Puzzling program

J

jaysome

Because:
a) The illiterate return type 'void' for main makes all bets off.
b) The illiterate omission of the required prototype for the variadic
function printf makes all bets off.
c) The illiterate absence of an end-of-line character ending the
last line of output makes all bets off.

What do you mean by "all bets off"? Do you mean undefined behavior? I
don't think it is undefined behavior.

Consider:

#include <stdio.h>
int main(void)
{
printf("Hello world!");
return 0;
}

There is no end-of-line character ending the last line of output. Yet,
as far as the C standard is concerned, this is well-defined behavior.
The definition of the word "flushed" is found in Section 7.19.3.(4):

"A file may be disassociated from a controlling stream by closing the
file. Output streams are flushed (any unwritten buffer contents are
transmitted to the host environment) before the stream is
disassociated from the file."

Then, from Section 7.19.3.(5):

"The file may be subsequently reopened, by the same or another program
execution, and its contents reclaimed or modified (if it can be
repositioned at its start). If the main function returns to its
original caller, or if the exit function is called, all open files are
closed (hence all output streams are flushed) before program
termination."

From these two sections, we know that, before program termination, the
following statement:

printf("Hello world!");

results in any unwritten buffer contents being transmitted to the host
environment.

What the host environment does with a final buffer that does not
contain an "end-of-line" character is completely beyond the
jurisdiction of the C standard, and thusly there is no possibility of
undefined behavior.

Admittedly, it is not a good idea to omit an end-of-line character
ending the last line of output. That's because what you expect to be
output may not be output, and it all depends on the host environment
as to whether or not the program output behaves as expected. Again,
this is not undefined behavior, as far as the C standard is concerned.

Regards
 
R

Richard Bos

While all this is quite reasonable, it's still true that any
experienced C programmer should be able to explain why the output is,
in fact, quite likely to be 636261.

Should be able to, yes. Should be willing to without first explaining
why this output is only likely on modern desktop systems, and why it is
a bad idea to write code like that, no.

Richard
 
K

Keith Thompson

jaysome said:
On Wed, 08 Aug 2007 19:36:27 -0400, Martin Ambuhl


What do you mean by "all bets off"? Do you mean undefined behavior? I
don't think it is undefined behavior.

Consider:

#include <stdio.h>
int main(void)
{
printf("Hello world!");
return 0;
}
[...]

I think it's implementation-defined whether it's undefined or not.

C99 7.19.2p2:

Whether the last line requires a terminating new-line character is
implementation-defined.

There's no mention of what the behavior is if a new-line is required
but is not provided, so in that case the behavior is undefined by
omission.

On the other hand, if the implementation *doesn't* require a
terminating new-line character (it's required to document it either
way), then the behavior is well defined.
 
P

pete

Keith Thompson wrote:
I think it's implementation-defined whether it's undefined or not.

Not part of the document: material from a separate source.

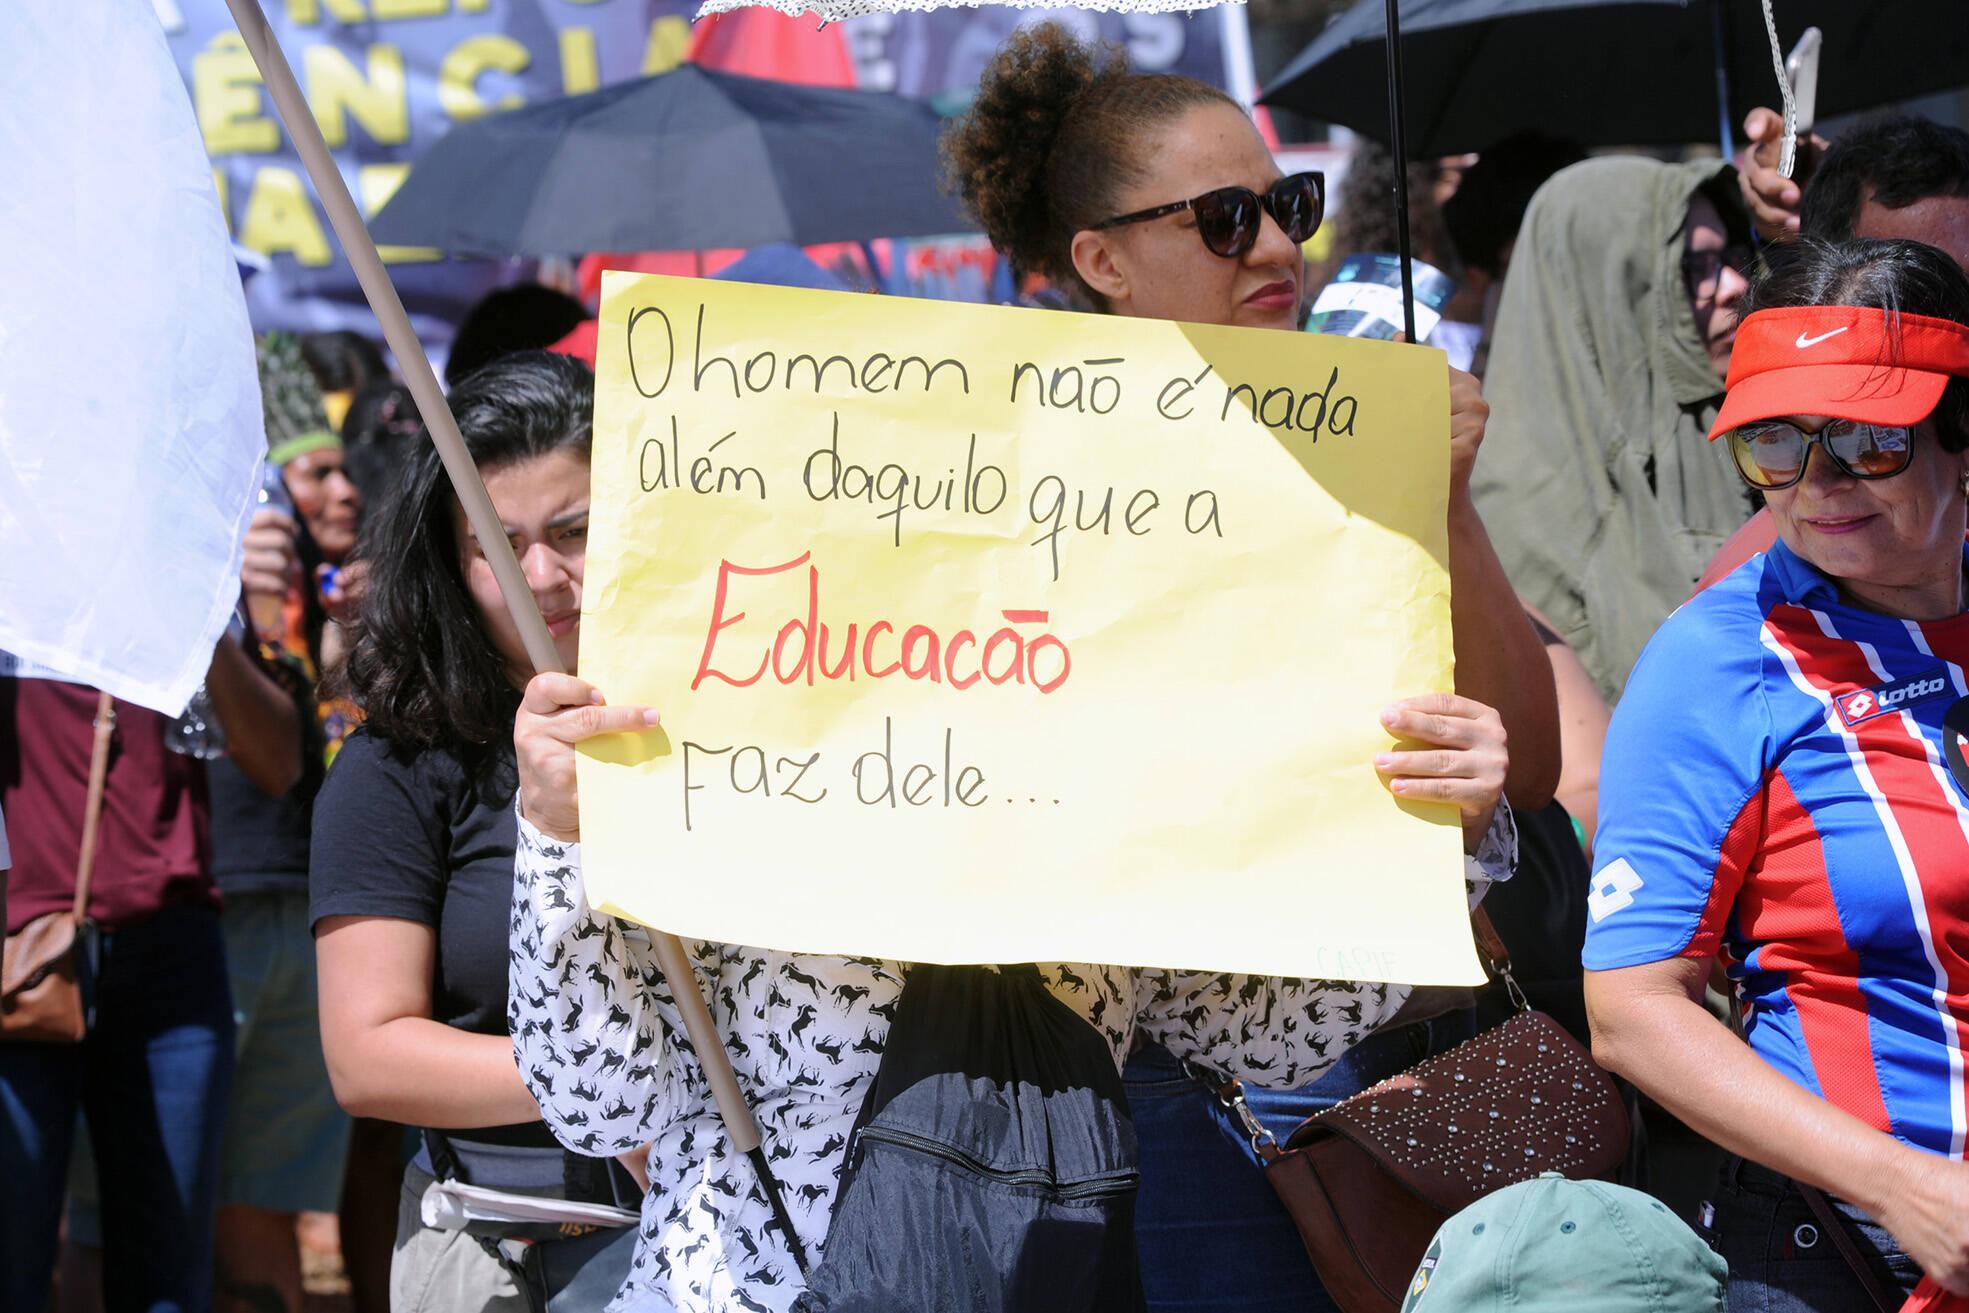 Manifestantes em Brasília. Foto: Cleia Viana/Agencia Câmara - 13.8.19

I consider code like that,
to be most simply described as "undefined",
C99 7.19.2p2:

Whether the last line requires a terminating new-line character is
implementation-defined.

There's no mention of what the behavior is if a new-line is required
but is not provided, so in that case the behavior is undefined by
omission.

On the other hand, if the implementation *doesn't* require a
terminating new-line character (it's required to document it either
way), then the behavior is well defined.

since the short answer to the question
"Is the behavior of that code limited by the C standard?" is "No."
 
P

Philip Potter

Lew said:
The answer is that the program is poorly written and invokes behaviour that is
not defined by the C standard. As "undefined behaviour" means that anything
can happen, the output value of 636\261 is just as valid (and just as likely)
as any other output.

This is not true, and it doesn't help explain the danger of undefined
behaviour. Indeed, one of the problems of undefined behaviour is that it
may well compile and do what you expect, and in some cases is very
likely to do so. But because the behaviour is undefined, there are no
guarantees that porting to a different system, or even just getting a
new version of the same compiler, won't break your program.

Phil
 
S

stdazi

Good day group.

I was asked in an interview to explain the behavior of this program.

void main()
{
char *s = "abc";
int *i = (int *) s;
printf("%x", *i);

}

The question is: why is the output 636261? I don't think I know enough
about C to understand how the conversions between pointer types are
occurring.

Thanks for any help.

RD

I'd never like to work for a company where interviewers declare main
as a void function...
 
A

Army1987

Style point: 'i' is a lousy name for a pointer.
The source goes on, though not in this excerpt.